Au départ, on voulait les jouer deux fois mais ce sont eux qui n’ont pas voulu. Mais je persiste à dire qu’il était bien de les rencontrer à ce moment-là.

Quels enseignements y a-t’-il à retirer d’un tel match ?
En tout cas, il a eu beaucoup d’aspects intéressants sur ce match. On voudrait tous les gagner car on est des compétiteurs. Les enseignements vont nous aider à progresser.

Qu’est-ce-qui a manqué à l’équipe face à l’Espagne ?
La préparation des uns et des autres est importante. Mais on n’a pas eu la même excitation que l’Espagne. On a clairement manqué d’arguments. Eux avaient une confiance que l’on n’avait pas. Pau Gasol shootait à trois pts et les autres prenaient tous les tirs. L’Espagne reste la formation la plus forte sur la scène européenne.

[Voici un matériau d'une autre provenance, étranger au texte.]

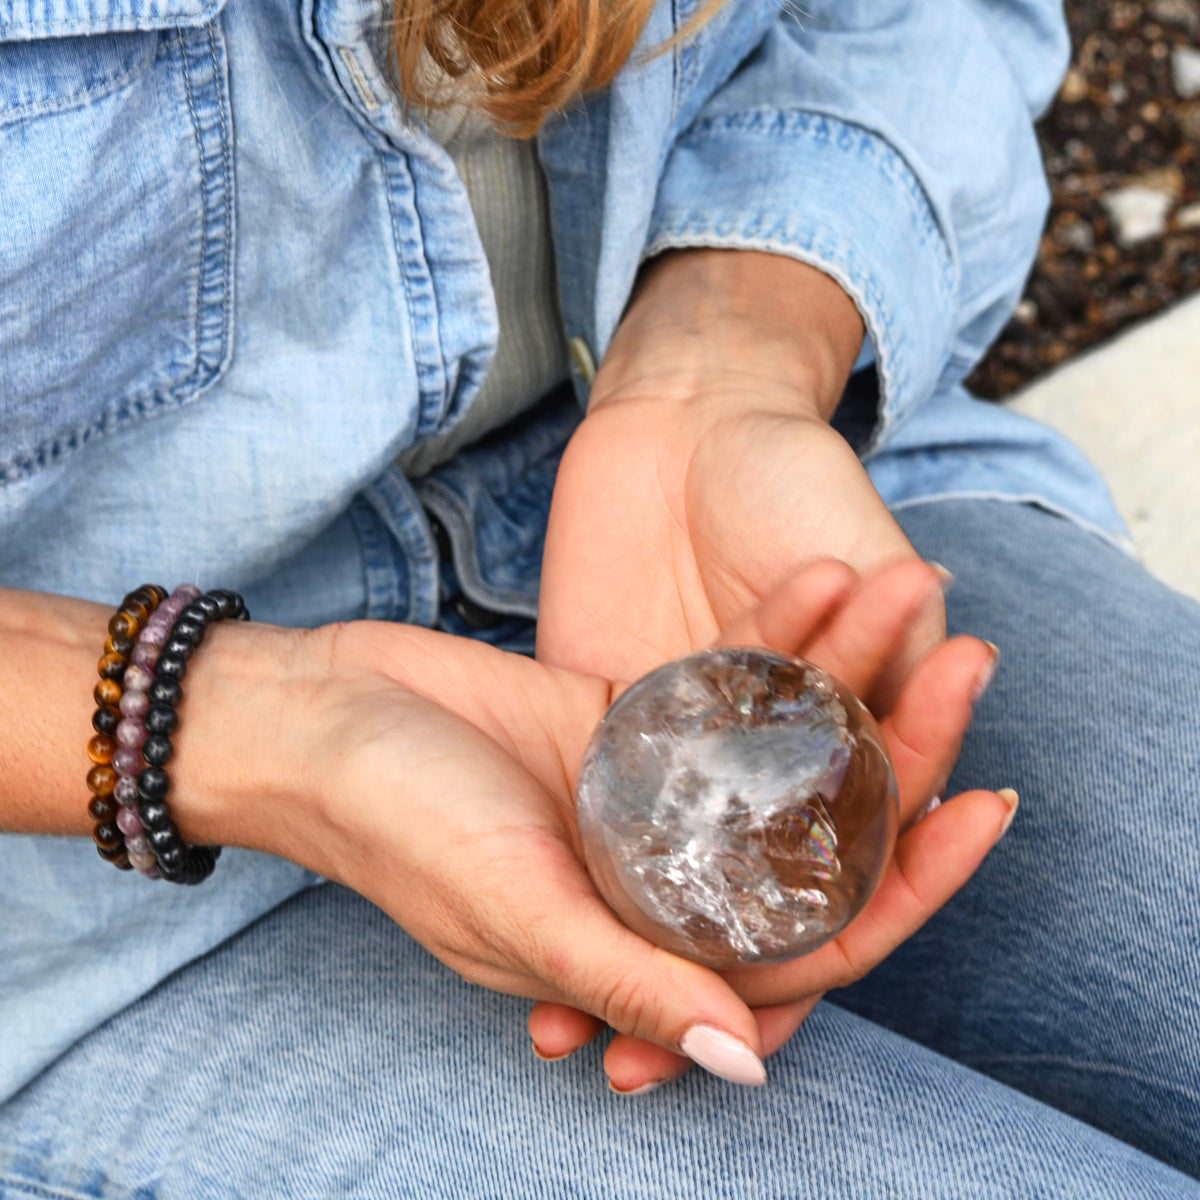 Clear Quartz Crystal: Meaning, Benefits & Healing Properties

Les joueurs doivent-ils se remettre en cause ?
On ne doit pas remettre en cause tout le travail effectué. Mais après on s’est peut-être vu trop beaux. Je reste globalement satisfait du travail produit aux entraînements. Il faut qu’on soit à fond dès le départ même si sur la fin on a été un peu moins en rythme. Entre 11h30 et 12h15, les jambes ont commencé à être lourdes. Il ne faut pas oublier non plus que l’on ne doit pas vivre sur nos points forts. On aura besoin de course et de rythme lorsque l’on aura à nouveau à faire face à une défense organisée comme face à l’Espagne.

L’utilisation de Boris Diaw en 3 était calculée ?
On sait qu’on peut l’utiliser sur ce poste. Mais on ne s’est pas demandé avant le match si on allait le faire. Ce qui est important également, c’est la performance des grands. On peut jouer « grand » avec Ronny et Joakim en association. Ça donne une variante mais ça dépend aussi des adversaires. Face à l’Espagne et aux frères Gasol, c’était important de rendre des centimètres.

Comment allez-vous aborder le Tournoi de Londres ?
On va se préparer totalement. Mais il y a une volonté de ne pas trop tirer sur les joueurs. Surtout que deux autres matches vont arriver très vite après. On ne va donc pas partager complètement le temps de jeu.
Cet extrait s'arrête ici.